Luckily I’m an educated man who can see that such a basic knee-jerk reaction is simplistic, conservative, and quite frankly, puerile. You see, de Villepin isn’t just a man who went to the right school and is mates with the right people. No, De Villepin is above all a handsome steely-haired man who is known to have penned a few lines of verse in his time. He embodies the romantic notion of the French intellectuel.


But every Batman has his Joker, every Cosmopolitan its Hello! magazine. So, too, De Villepin has his nemesis. The man I’m talking about ain’t no poet. The man I’m talking about controversially claimed he’s gonna clean up the inner cities with a water cannon (a comment which seemed to worryingly echo Travis Bickle’s “Some day a real rain will come and wash all this scum off the streets”). And yes, you’ve guessed it, he may not be the housewives’ favourite month when it comes to the ‘member of parliament pin-up calendar’. But whatever your feelings for Nicolas Sarkozy, you can’t deny that he’s a man of action. And his Anglo-Saxon-style politics has made him extremely popular with the French people, fed up with years of massive political inertia and corruption.


Sarkozy was once Chirac’s protégé. But in France, it is popularity that often breeds contempt. Perhaps not amongst the public transport classes, but amongst the people who matter. When Jean-Pierre Raffarin resigned as PM after the French voted against the idea of adopting the proposed European constitutional treaty, Chirac, fearful of having his Cronus chop off his testicles and throw them into the electoral sea, did his best to distance himself from Sarkozy and adopted de Villepin as his new pet. A poodle for a bulldog.


With the next presidential elections two years away, both men have already begun vying to take over from Chirac as the French conservative party’s future candidate. Meanwhile, Chirac himself is disappearing up his own cliché. Many believe that he has become a liability for France, and this was highlighted during the recent bidding for the 2012 Olympics. The truth is that 10 years ago it wasn’t Chirac that took office, but a satirical caricature of Chirac. It is in fact my belief that the Chirac blundering and blustering on the world political stage is in fact a pod person, shelled before it had finished maturing.

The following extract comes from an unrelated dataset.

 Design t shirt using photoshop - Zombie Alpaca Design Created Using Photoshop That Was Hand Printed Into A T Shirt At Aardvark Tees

At least, I hope that’s his excuse. Though I admire the firm stance he took over Gulf War II (regardless of his real political motivation), I found myself wondering with great abomination at Chirac’s reported comments made at the expense of the British. Last July, as the members of the International Olympic Committee were preparing to the vote on which country should hold the 2012 games, Chirac met up with Gerhard Schröder and Vladimir Putin to, as far as I can tell, crack a few undiplomatically, politically incorrect jokes.

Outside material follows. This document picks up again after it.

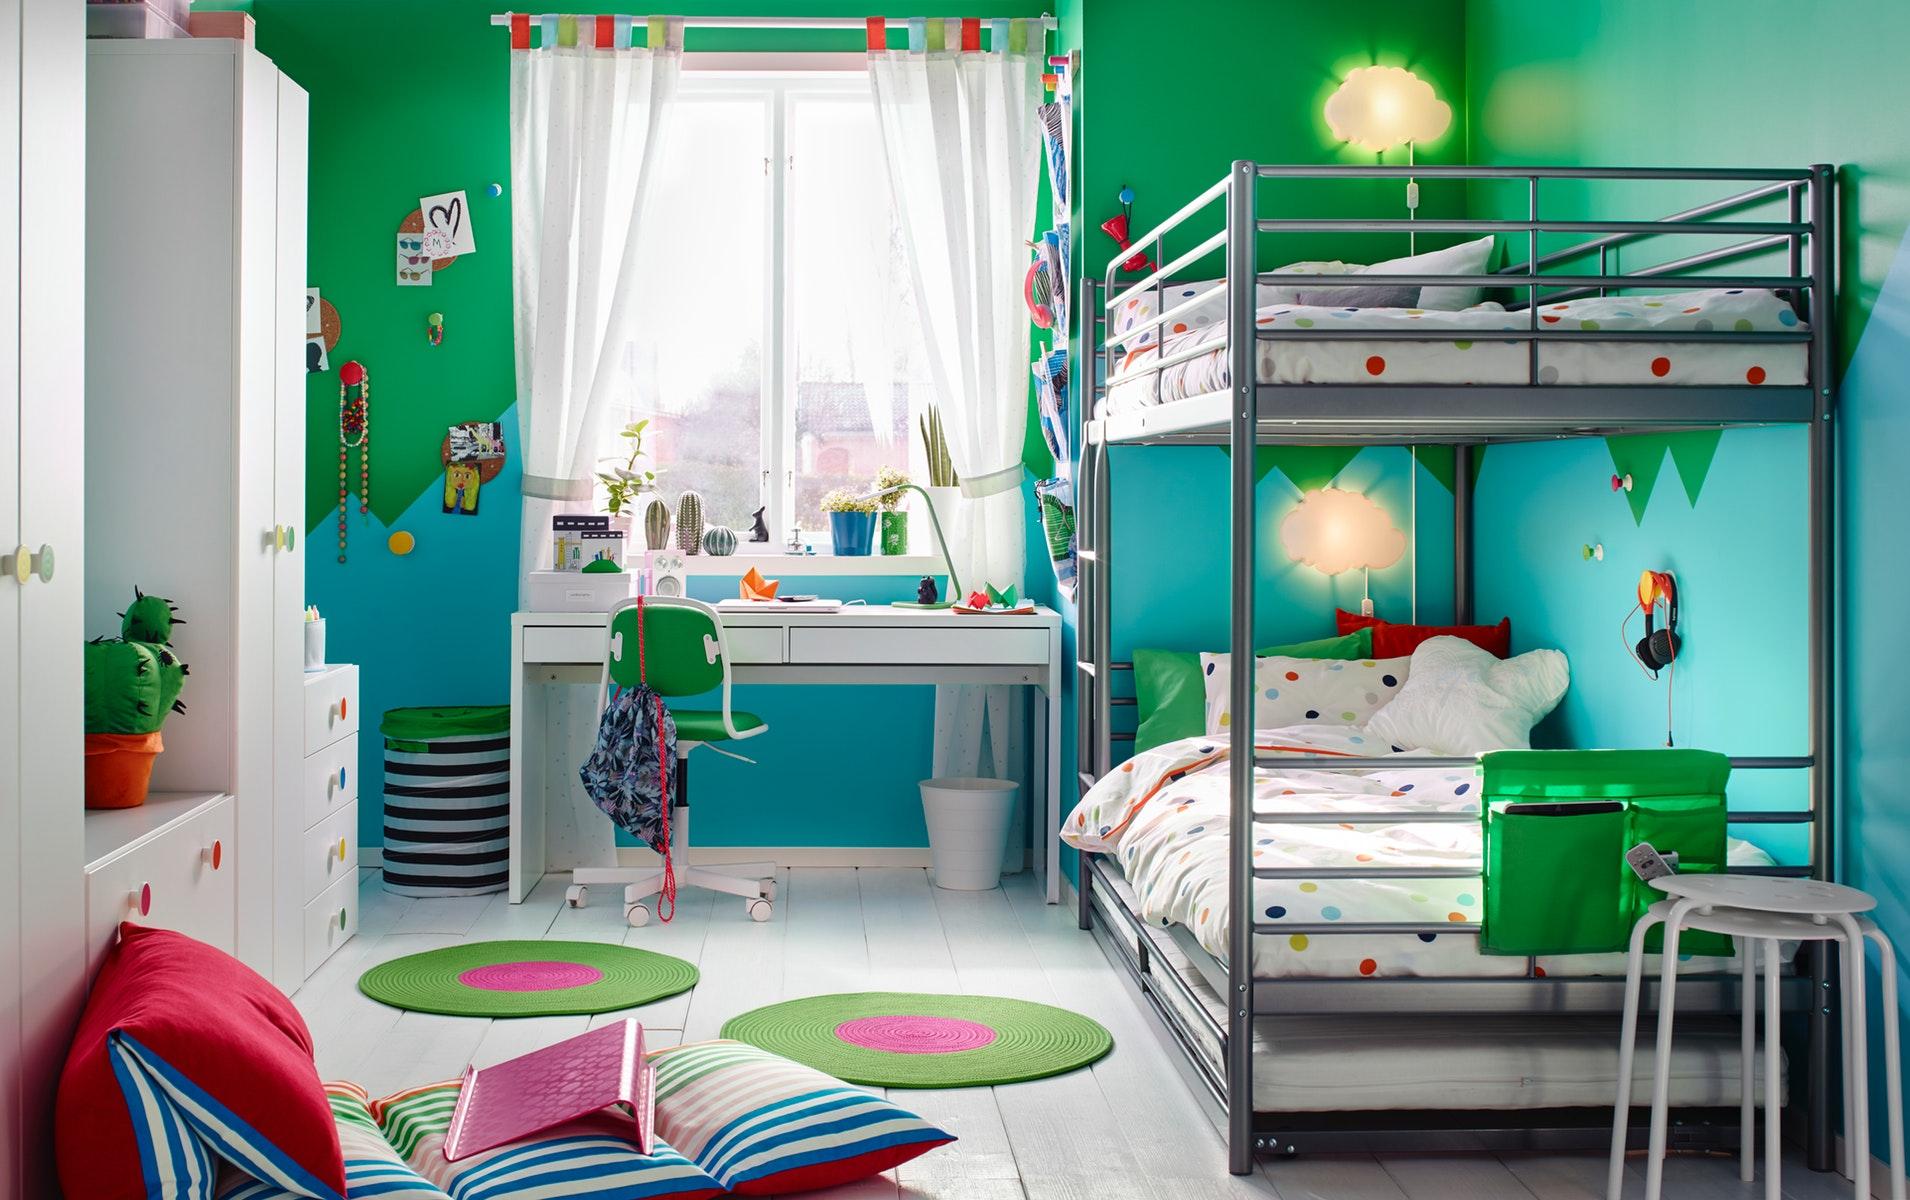 Tempat tidur tinggi

As an Englishman I have been genetically programmed to express myself through understatements in the face of adversity. Because of this I have come to appreciate French franchise (except when they begin discussing their medical history). But franchise isn’t what you necessarily want from your head of state. When Chirac said to his buddies about England that “You can’t trust people who cook as badly as that. After Finland, it’s the country with the worst food,” I took out a second mortgage on my flat, went down to the bookies, and put the whole lot on London’s bid to win the Olympics. Paris up ‘till then had been the favourite to win, though London was catching up. And with two Finnish judges voting it came as no surprise that the final vote was 54-50 in London’s favour. Ah well, no one likes a draw.

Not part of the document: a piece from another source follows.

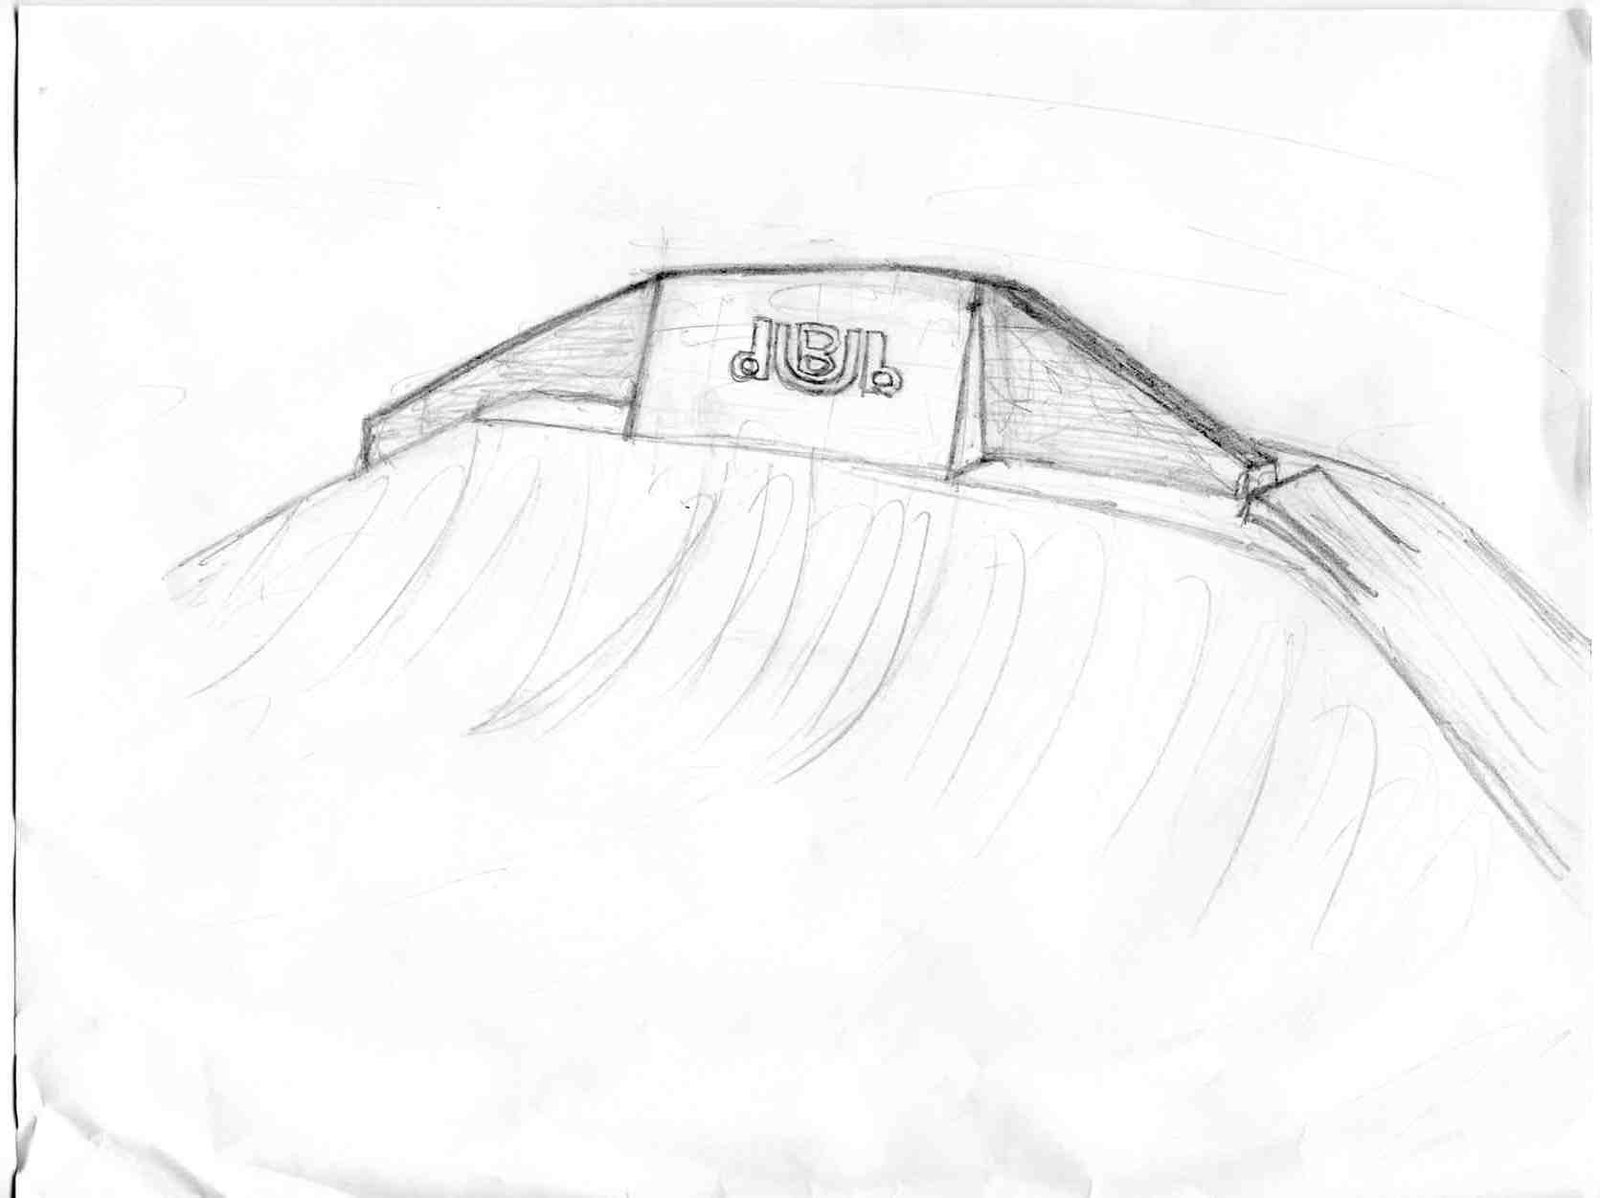 Wall Ride Jib

This isn’t the first time such gaffes have been made. In 1991 France’s first and so far only woman Prime Minister, Edith Cresson, said in an interview for The Observer that a quarter of all Englishmen are gay. Of course, if it were true there is no reason why this would be a problem. She had, after all, based her comments on her own scientific research - walking around the streets of London she had noticed that men didn’t look at her. No, the real problem lies in the fact that she went on to suggest that men who aren’t interested in women are in some way handicapped. She lasted 10 months. Though many would argue that the shortness of her time in office had less to do with her franchise and more to do with latent misogyny among France’s ruling classes, many would also agree that there is a time and a place for goading. And besides, perhaps we just don’t have a penchant for elderly French women.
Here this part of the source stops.